-- Extracted material follows --

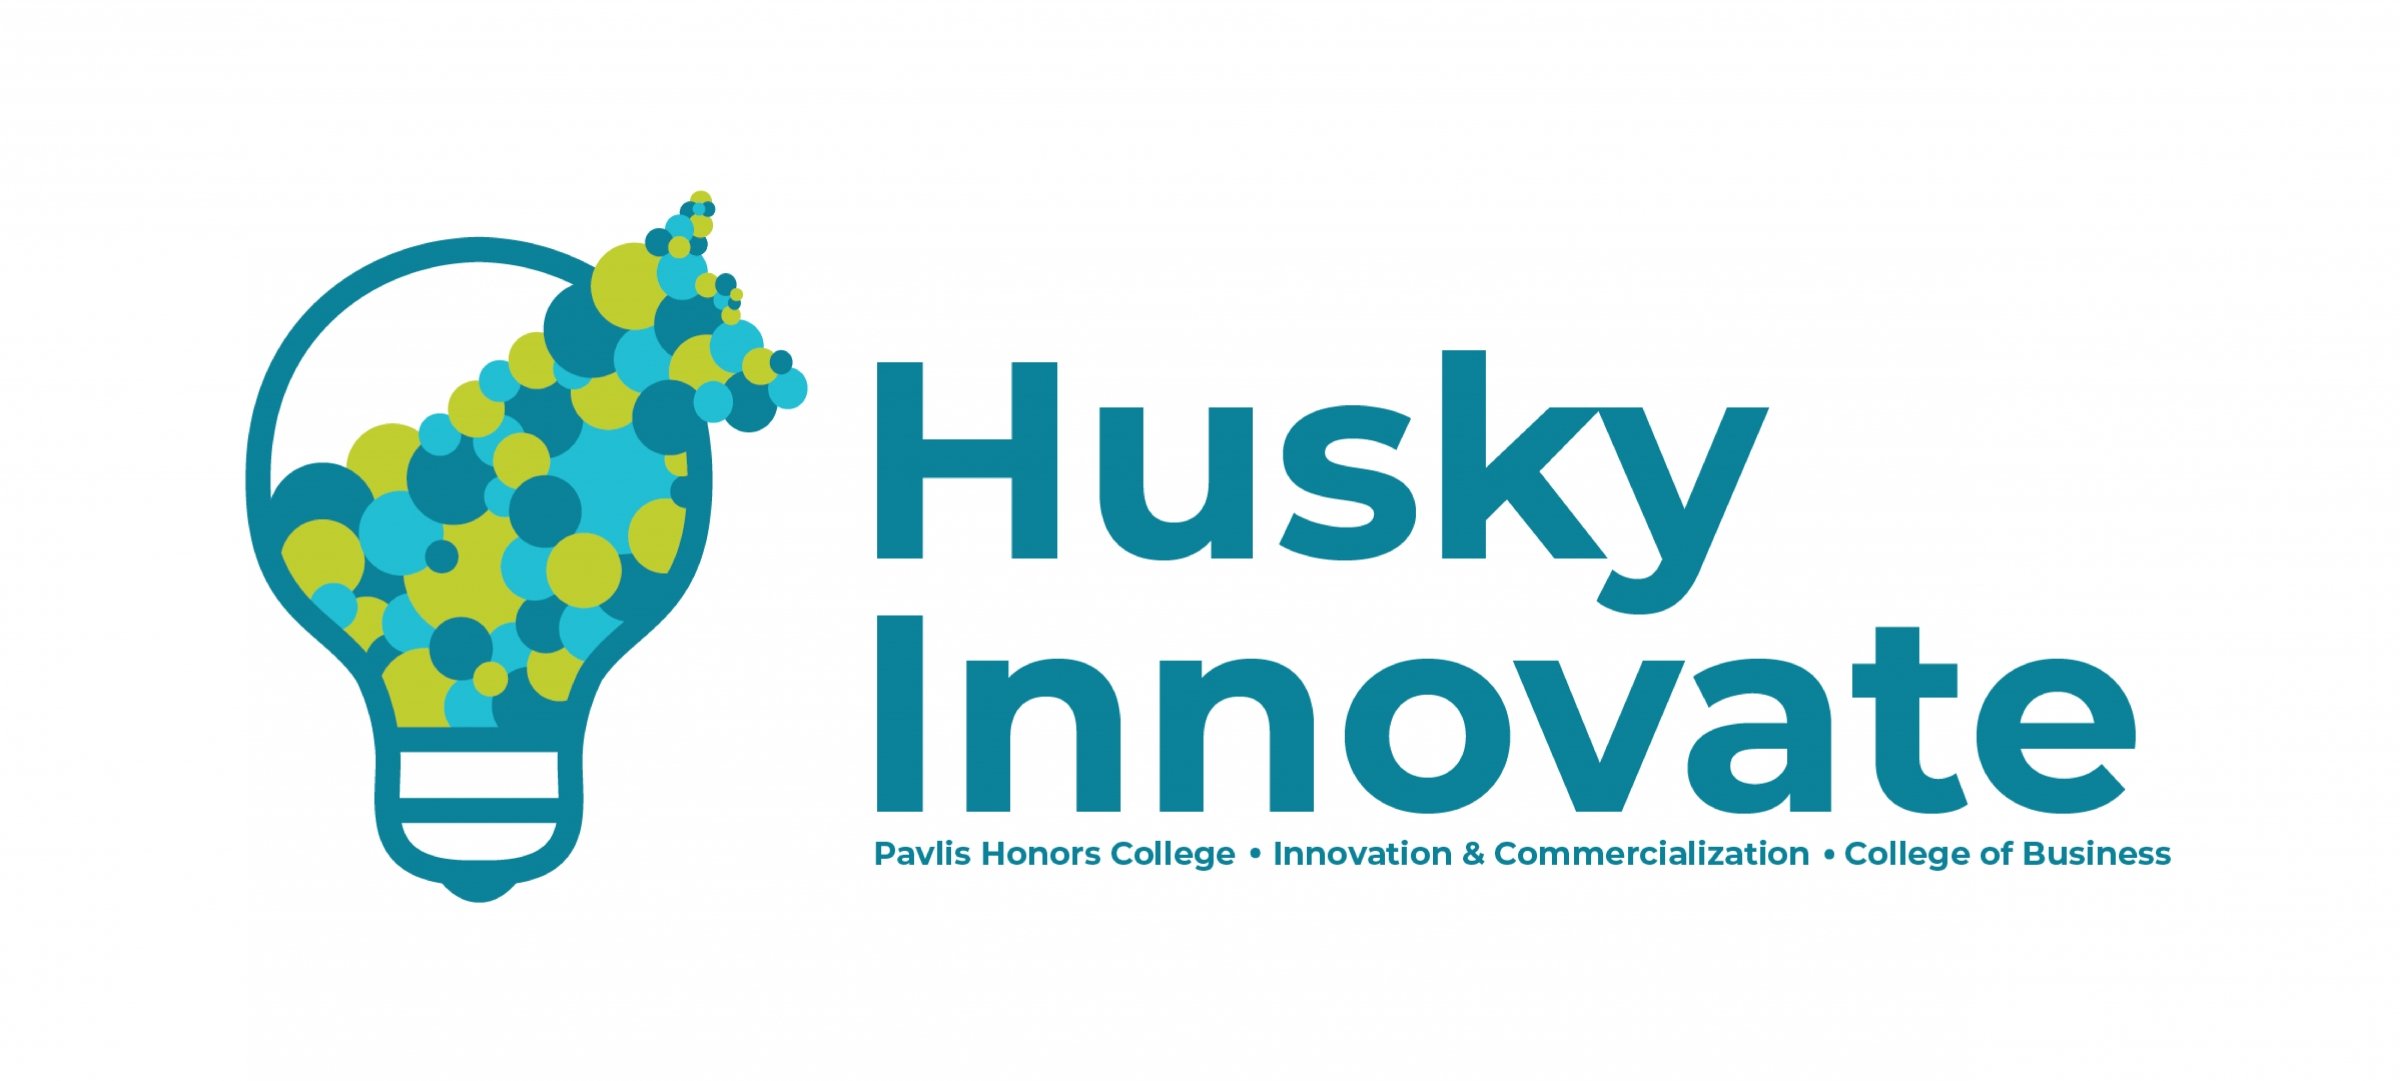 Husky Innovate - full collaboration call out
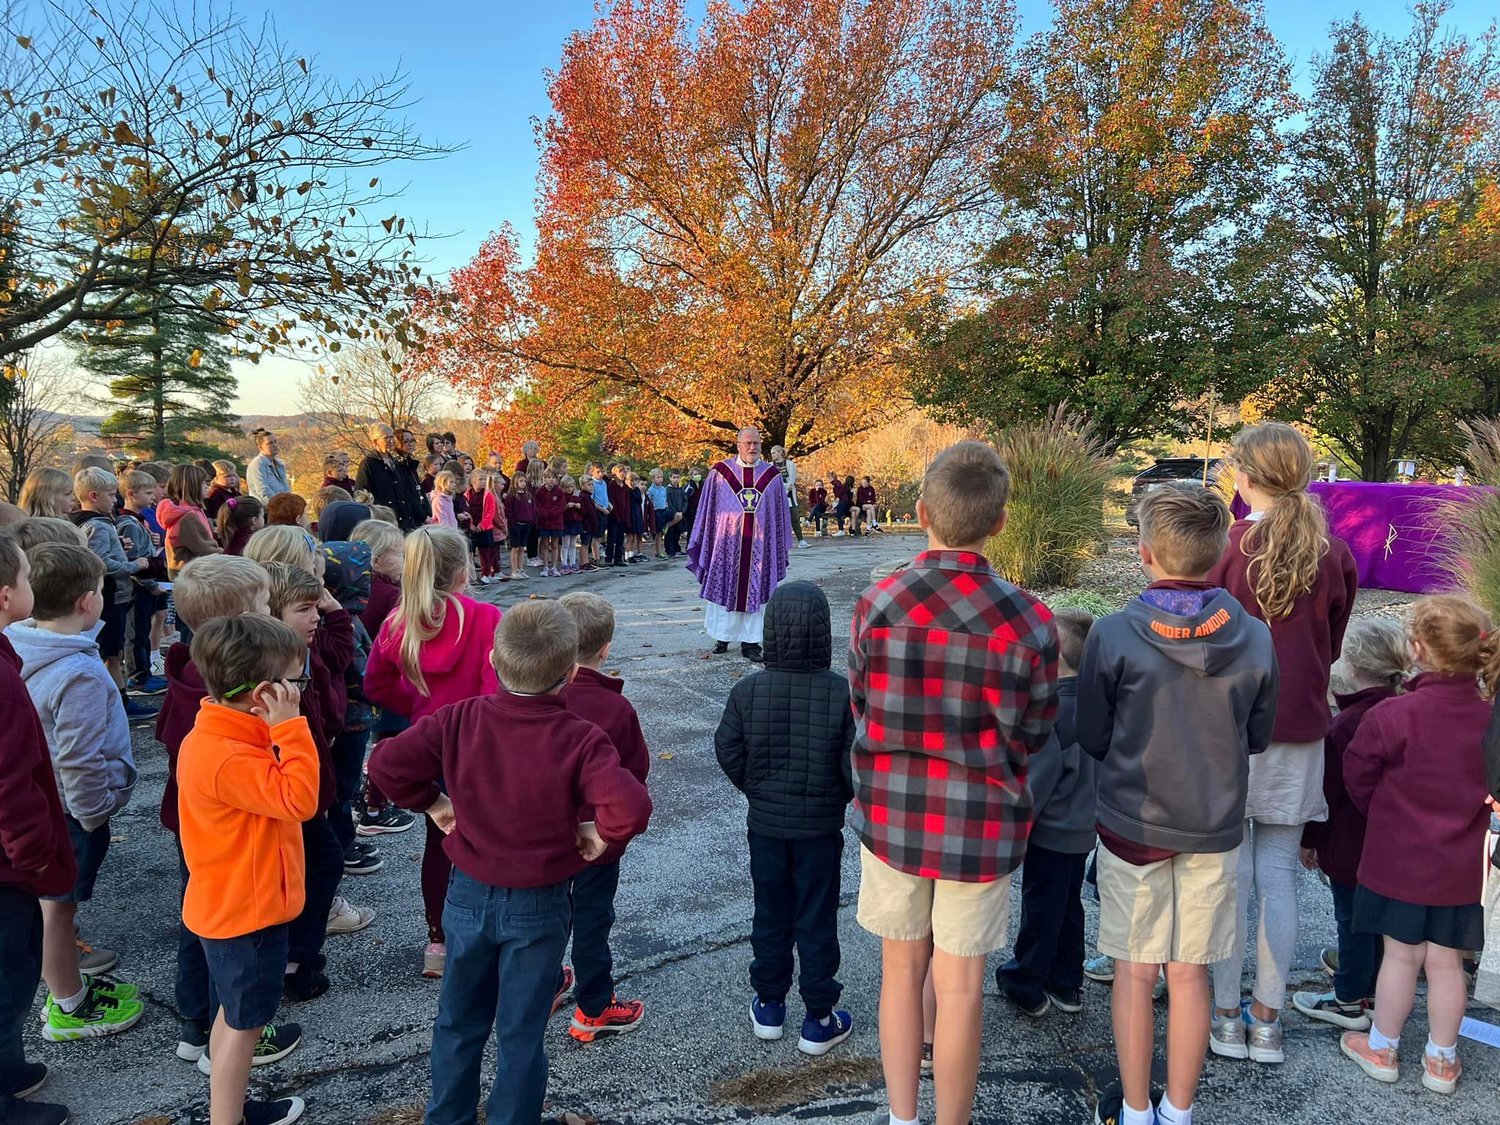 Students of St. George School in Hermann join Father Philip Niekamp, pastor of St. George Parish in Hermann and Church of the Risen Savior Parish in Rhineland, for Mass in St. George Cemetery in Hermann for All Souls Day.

-- Extracted material concluded --
-- Extracted material follows --

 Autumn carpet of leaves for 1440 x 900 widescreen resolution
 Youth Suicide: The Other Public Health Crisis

-- Extracted material concluded --
-- Extracted material follows --

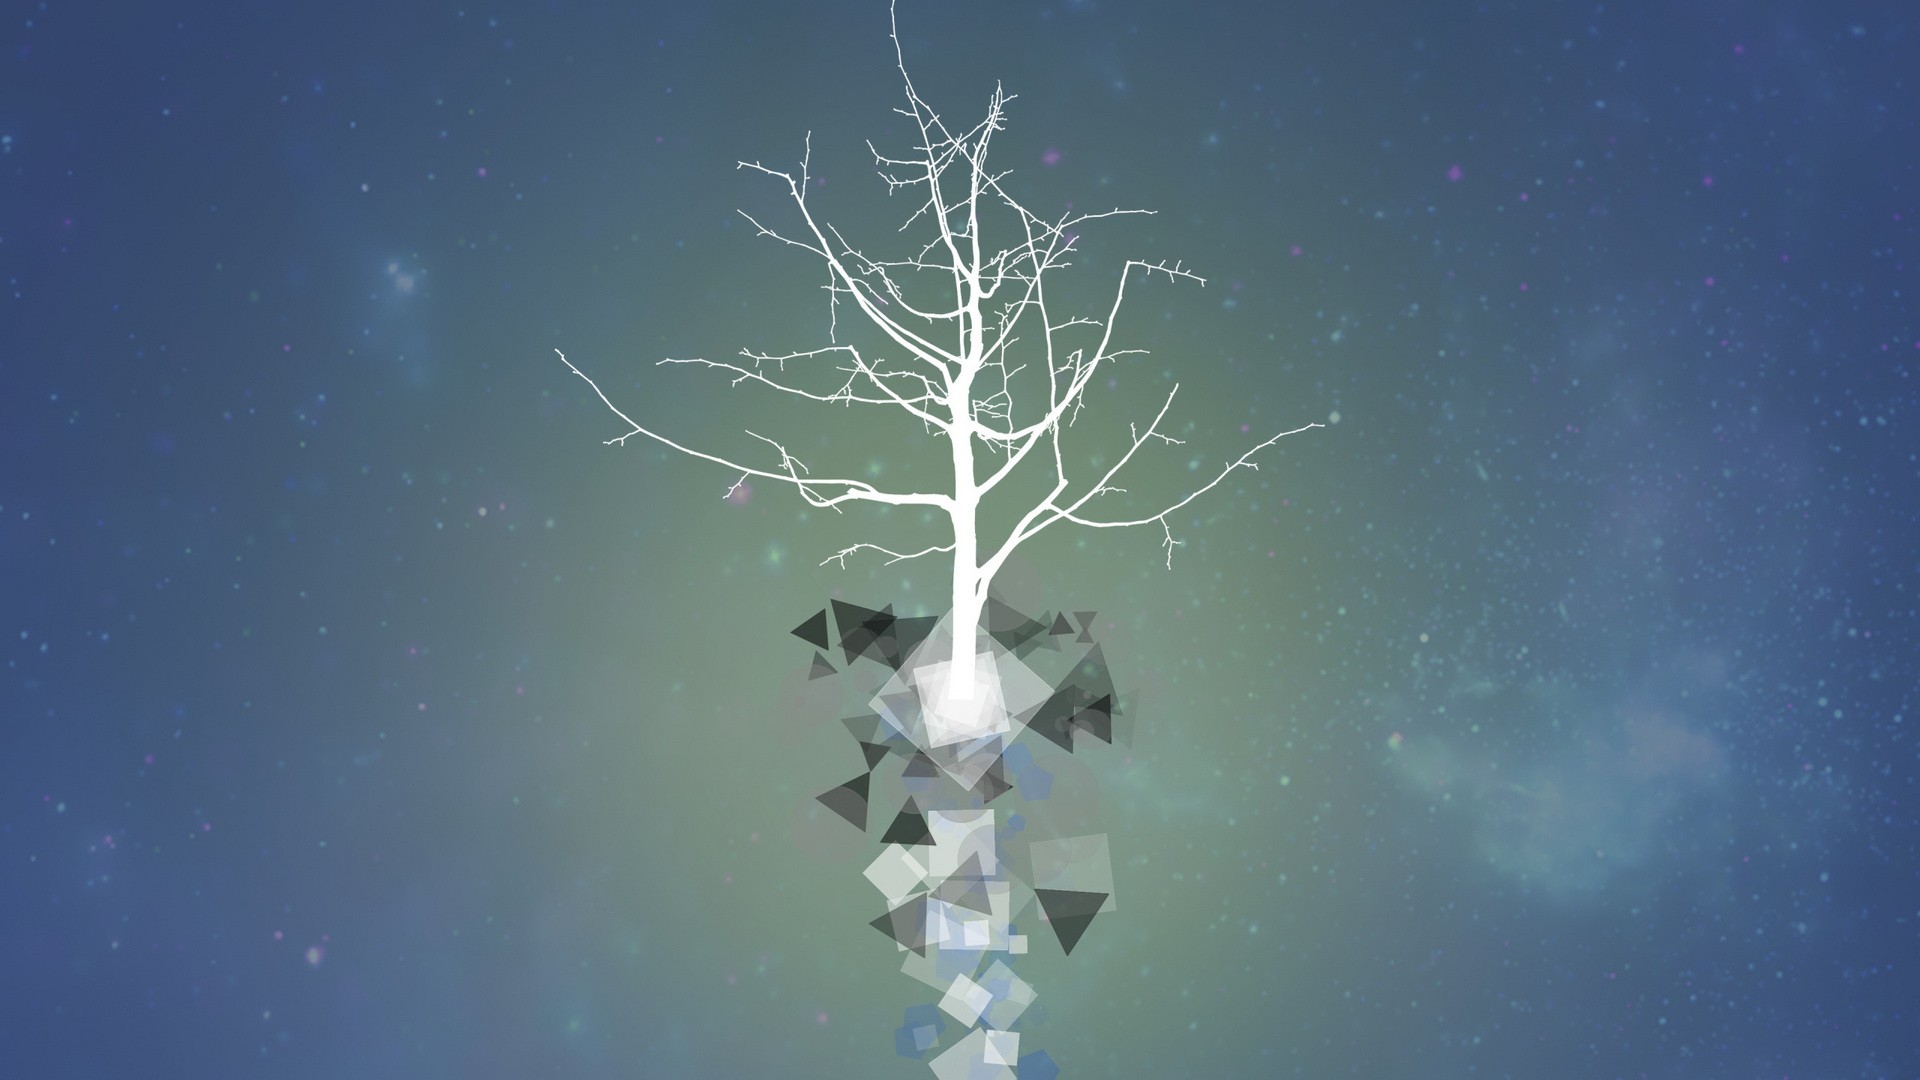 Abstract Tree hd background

-- Extracted material concluded --

→ What is expected
Reproduce the entries exactly, from the line with "Husky Innovate - full collaboration call out" to the line with "Students of St.", both lines included, keeping no pictures.

→ Task output
 Husky Innovate - full collaboration call out
 Students of St. George School in Hermann join Father Philip Niekamp, pastor of St. George Parish in Hermann and Church of the Risen Savior Parish in Rhineland, for Mass in St. George Cemetery in Hermann for All Souls Day.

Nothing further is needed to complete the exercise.